TOPANGA MESSENGER -- November 28, 2002

"'Idlers,' a Portrait of Lower Topanga"

By Dan Mazur
Photo by Katie Dalsemer

Arguments for Lower Topanga's status as the last outpost of a vanishing hippie-bohemian-surfer lifestyle seem to have fallen on deaf ears at State Parks and other government agencies. Now a group of Lower Topangans have gotten together to put the evidence down in black and white.

Idlers of the Bamboo Grove: Poetry From Lower Topanga Canyon was published in October by Pablo Capra's Brass Tacks Press. The 62-page booklet includes the work of Capra and eight other writers from the area, as well as illustrations by Lower Topanga artist James Mathers who provides portraits of each contributor.

Capra, who has lived for 22 of his 23 years in the Rodeo Grounds in Lower Topanga, has been in the thick of the battle to save the unique community in which he grew up. For some time he and fellow poets David Hayward and Catherine Holliss have been sharing their work with each other. Finding the experience of facing mass eviction was becoming a theme in their writing, Capra decided to put together the book, and was happy to find six others who had work to contribute as well. The title was inspired by Li Po, an eighth century Chinese poet who formed a group of six poets called the "Idlers of the Bamboo Grove."

"The poems reflect what people are experiencing and feeling," says Capra. "It's an artists' community, so it reflects how people are making art out of this experience. They have a lot of strong things to say that they don't get considered by the state."

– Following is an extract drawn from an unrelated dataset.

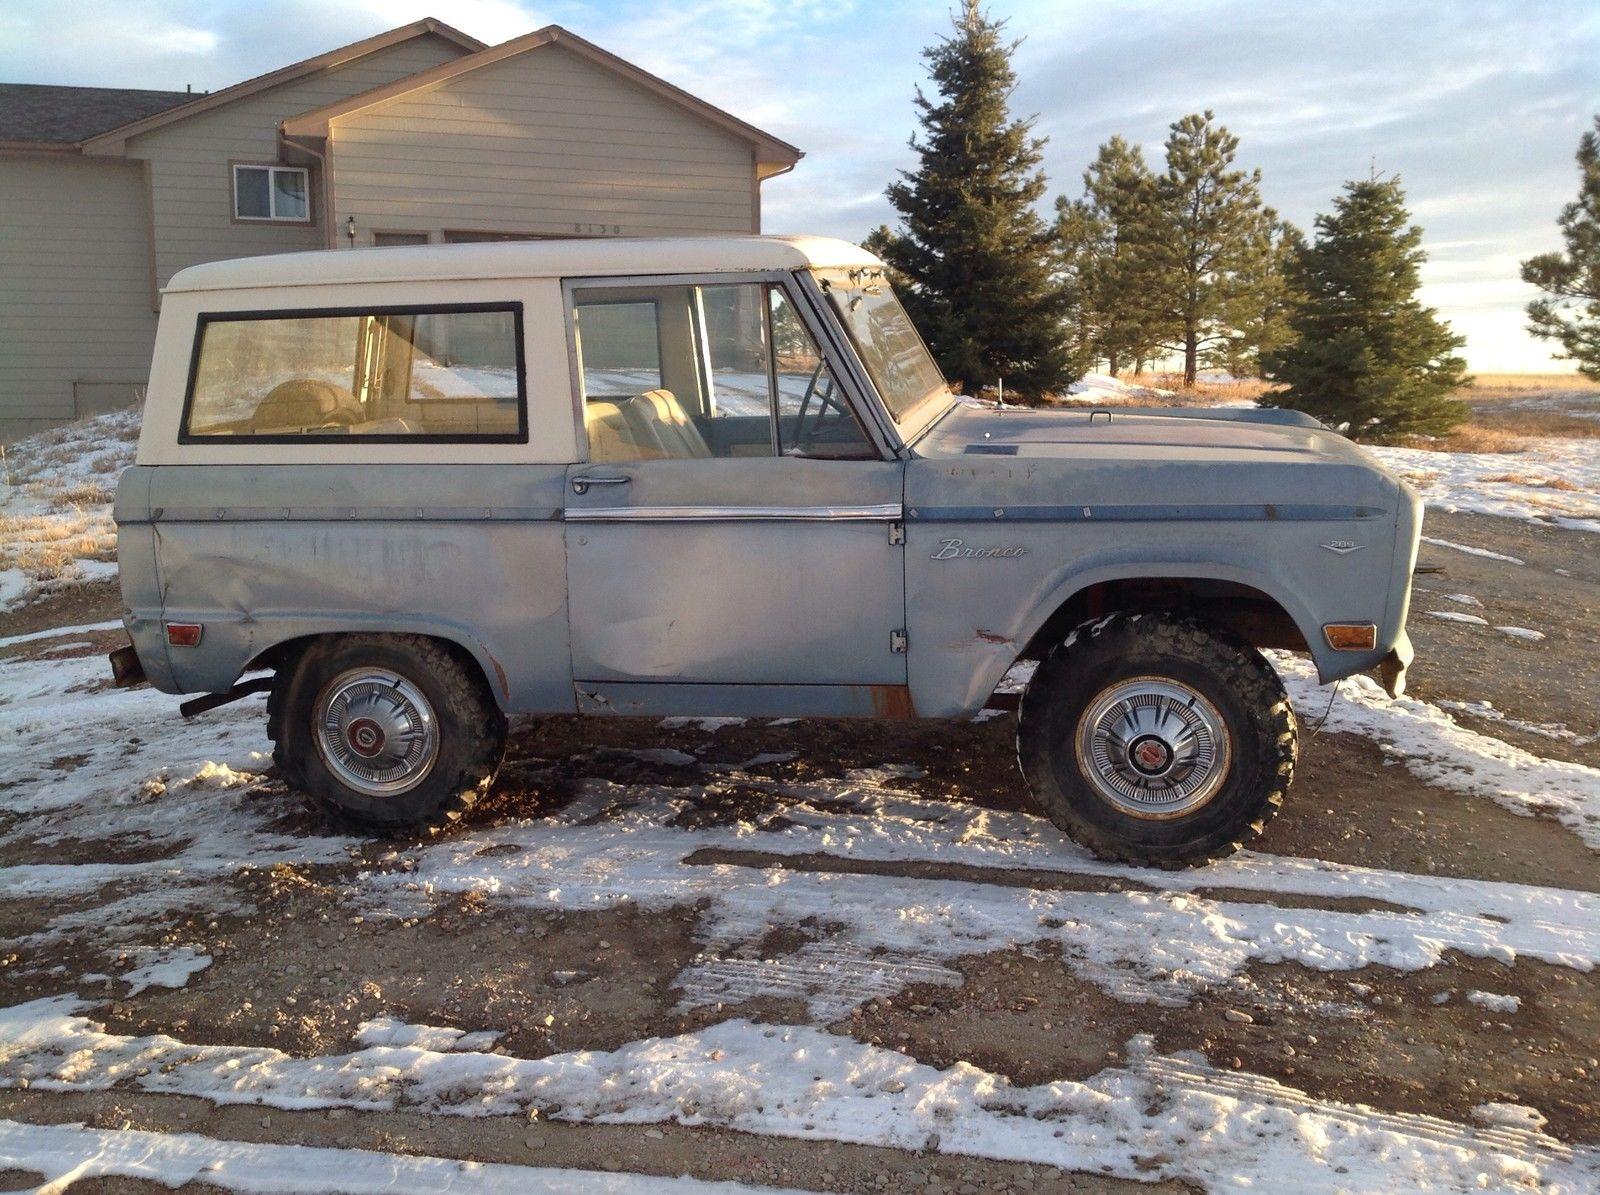 1968 ford bronco uncut original survivor 289 brittany blue 56,000 original  miles

Besides Capra, Hayward and Holliss, there are poems by Robert Campbell, Michele Capra, Bond Johnson, Frank Lamonea and Daisy Duck McCracken. A short introduction by Pablo describes the history and predicament of Lower Topanga.

Love of nature and loss of home are the major themes running through all the poems, including Capra's own "Rodeo Grounds Poem." Now ecstatic, now despairing, Capra's paean to his boyhood home is full of youthful nostalgia and creative longings and features an apparently comprehensive list of all the Lower Topanga residents, with a brief characterization of each.

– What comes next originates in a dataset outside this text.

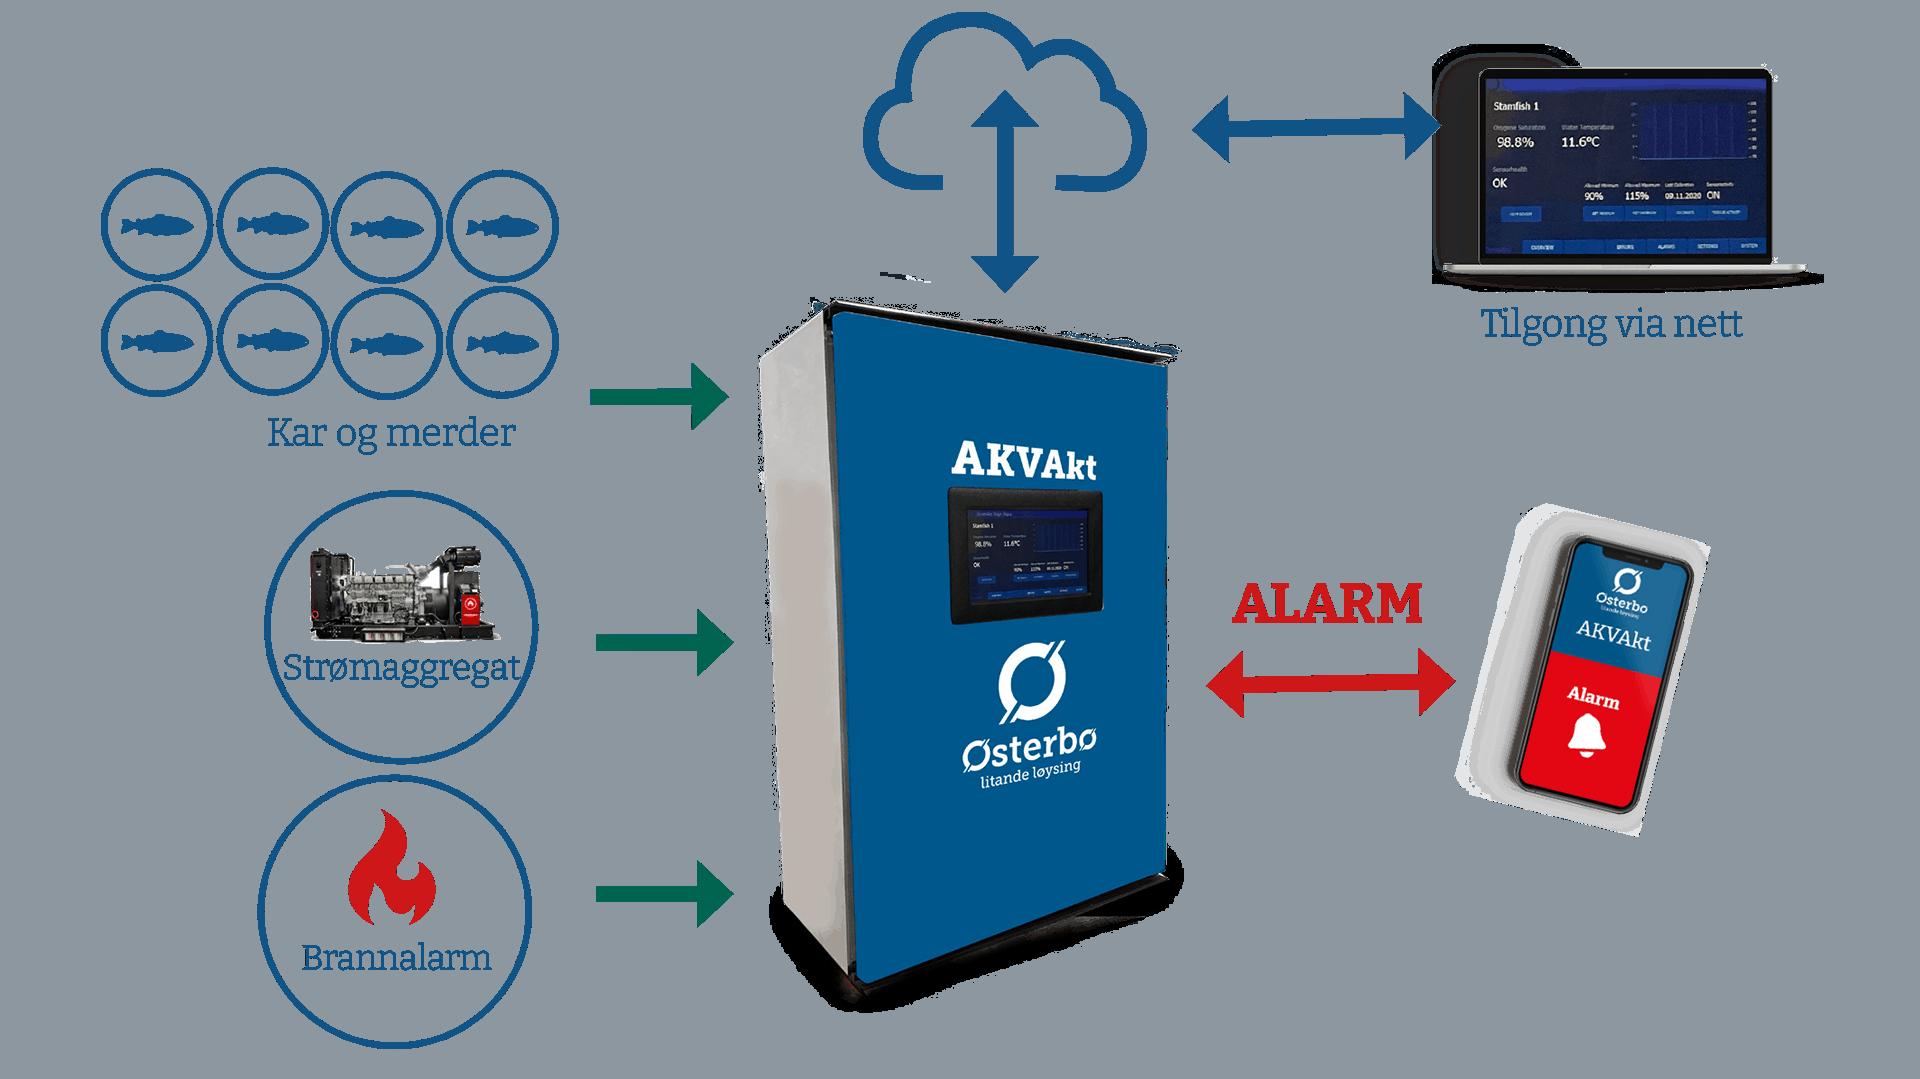 Akvakt system

David Hayward expresses the anger of the residents facing loss of community at the hands of environmentalists in the opening lines of "A Rout of Squatters."

The Eco-Fascist will always oust
a verse dreamer, a phrase blower
the dreamer caught gazing thru
a sun-faded mandala
stuck on an eighty year old
windowpane forty years ago...

The grievance process for the Lower Topangans fighting relocation is underway. Capra says he doesn't see the book as a weapon in the battle, but as a tribute to the community that is at stake.

"I don't have a lot of expectation for what it can change," he says, "but I think it stands as a legacy for what this place is, and, if it goes down, what this place was. I think it's really worth remembering."

As Catherine Holliss writes wistfully in "Maybe When,"

...and when
State Parks flattens the home
the hikers will pause at the foundation
and maybe wonder who lived here
and what were their names and
dreams and deepest secrets
where are they now do they
still have a community...

Idlers of the Bamboo Grove is available for $5 at the Howell-Green Gallery, as well as at Dutton's Books in Brentwood and Vidiots in Santa Monica. There will be a reading of works in the book at the Rose Alley Theater, 318 Lincoln Boulevard in Venice at 4 p.m. on Sunday, December 1. Admission $5.